For databases, in-data discovery is currently only available as part of schema discovery; it is not supported for sensitive data discovery. You can enable it on the ruleset generator and file ruleset generator pages. It is supported on all database platforms that support schema discovery (Postgres, Oracle, MySQL, MariaDB, Microsoft SQL Server and Amazon Redshift). Supported file types are .json, .ndjson, .parquet and .csv.

In-data discovery samples 1,000 random rows (or the entire table, if fewer than 1,000 rows) and attempts to match the content of those rows against its matching rules. To avoid false positives, a certain minimum percentage of the data within a column has to match a rule for the column to be flagged as sensitive data. If a column's data matches multiple rules, only the first match will be returned in the sensitive data discovery or schema discovery report. The list below gives the rules in priority order, highest priority first.

Configuring Options for In-Data Discovery

Enabling In-Data Discovery can be done from the ruleset generator page or on the file ruleset generator page by clicking the Configure In-Data Discovery button.

InDataDiscoveryModal

The options that can be configured are:

Rows to sample: This option determines the number of rows used for profiling.
Custom Patterns: These are user-provided rules used for profiling.
- Name: The name of the rule that, if data potentially matches, will be displayed in the Reason for Flag column.
- Rule: A regex pattern for the data you want to match against.
Non-Sensitive Patterns: These are user-provided rules to flag particular data as non-sensitive. Each rule is a regex pattern.
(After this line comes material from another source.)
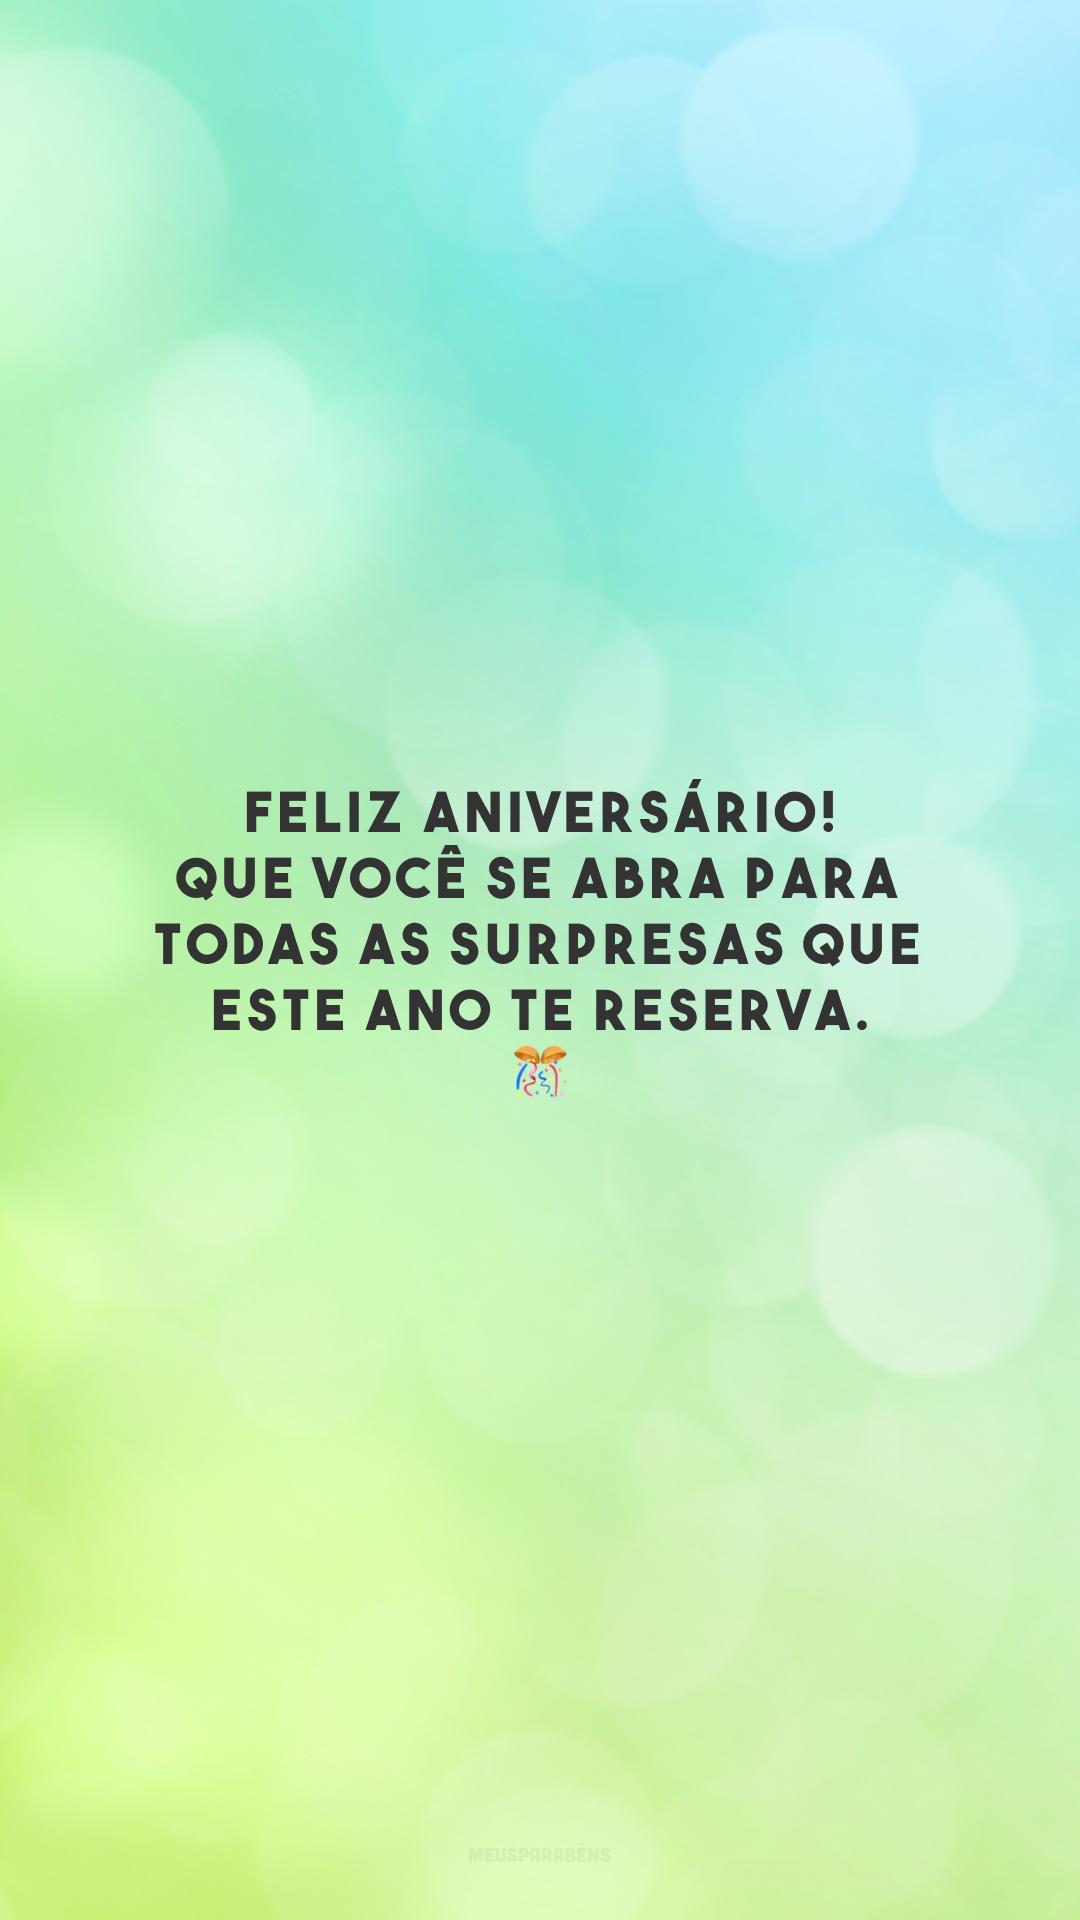 Feliz aniversário! Que você se abra para todas as surpresas que este ano te reserva. 🎊

Custom and Non-Sensitive Patterns

If at least 10% of the sampled rows from the column match a Custom Pattern, the column will be flagged with the name of the rule and Custom in the Data Classification column. An imitate mask will be generated from columns flagged by custom rules; this can be changed later in the Ruleset YAML editor as needed.

If every sampled row from the column (excluding those with null values) matches a Non-Sensitive Pattern, the column will appear in discovery results marked as Custom Non-Sensitive, as shown below. Non-Sensitive Patterns have priority over built-in rules and Custom Patterns.

Non-sensitive result example

When a starting a discovery run, if a given regex is invalid, the modal will re-open with an error message underneath the invalid pattern.

Reporting and notifications

Per-run data discovery report

After a run_data_discovery task has completed, the corresponding data discovery report can be downloaded alongside the run logs of the masking run:

The sensitive data discovery report will be downloaded in CSV format and may be opened in a text editor or spreadsheet viewer such as Microsoft Excel. The report contains information to assist you in discovering and masking the sensitive data in your database. Every column that has been identified as potentially containing sensitive data is included in the report, along with a classification of the data and an indication of whether the masking ruleset contains a rule targeting the matched column.

The CSV report includes the following columns:


*Table schema*	The schema of the table containing a sensitive data match.
*Table name*	The name of the table containing a sensitive data match.
*Column name*	The name of the column which has matched against a commonly used sensitive data identifier.
*Reason for flag*	Description of pattern which caused the column to be flagged for sensitive data.
*Data classifications*	A comma-separated list of classifications for the flagged sensitive data. Possible classifications include PII (Personally Identifiable Information), PHI (Personal Health Information), and PCI (Payment Card Information).
*Covered by ruleset*	A boolean value (True/False) indicating whether the masking ruleset contains a rule to target the identified column.

Note for Oracle: Sensitive data discovery reports will only cover the tables owned by the user or schema as defined in Connection. Schema will take precedence over user.

Note for Microsoft SQL Server: Sensitive data discovery reports will only cover the tables owned by the user's default schema.

Note for PostgreSQL: Sensitive data discovery reports will only cover the visible tables in the current user search path.

A table is said to be visible if its containing schema is in the search path and no table of the same name appears earlier in the search path.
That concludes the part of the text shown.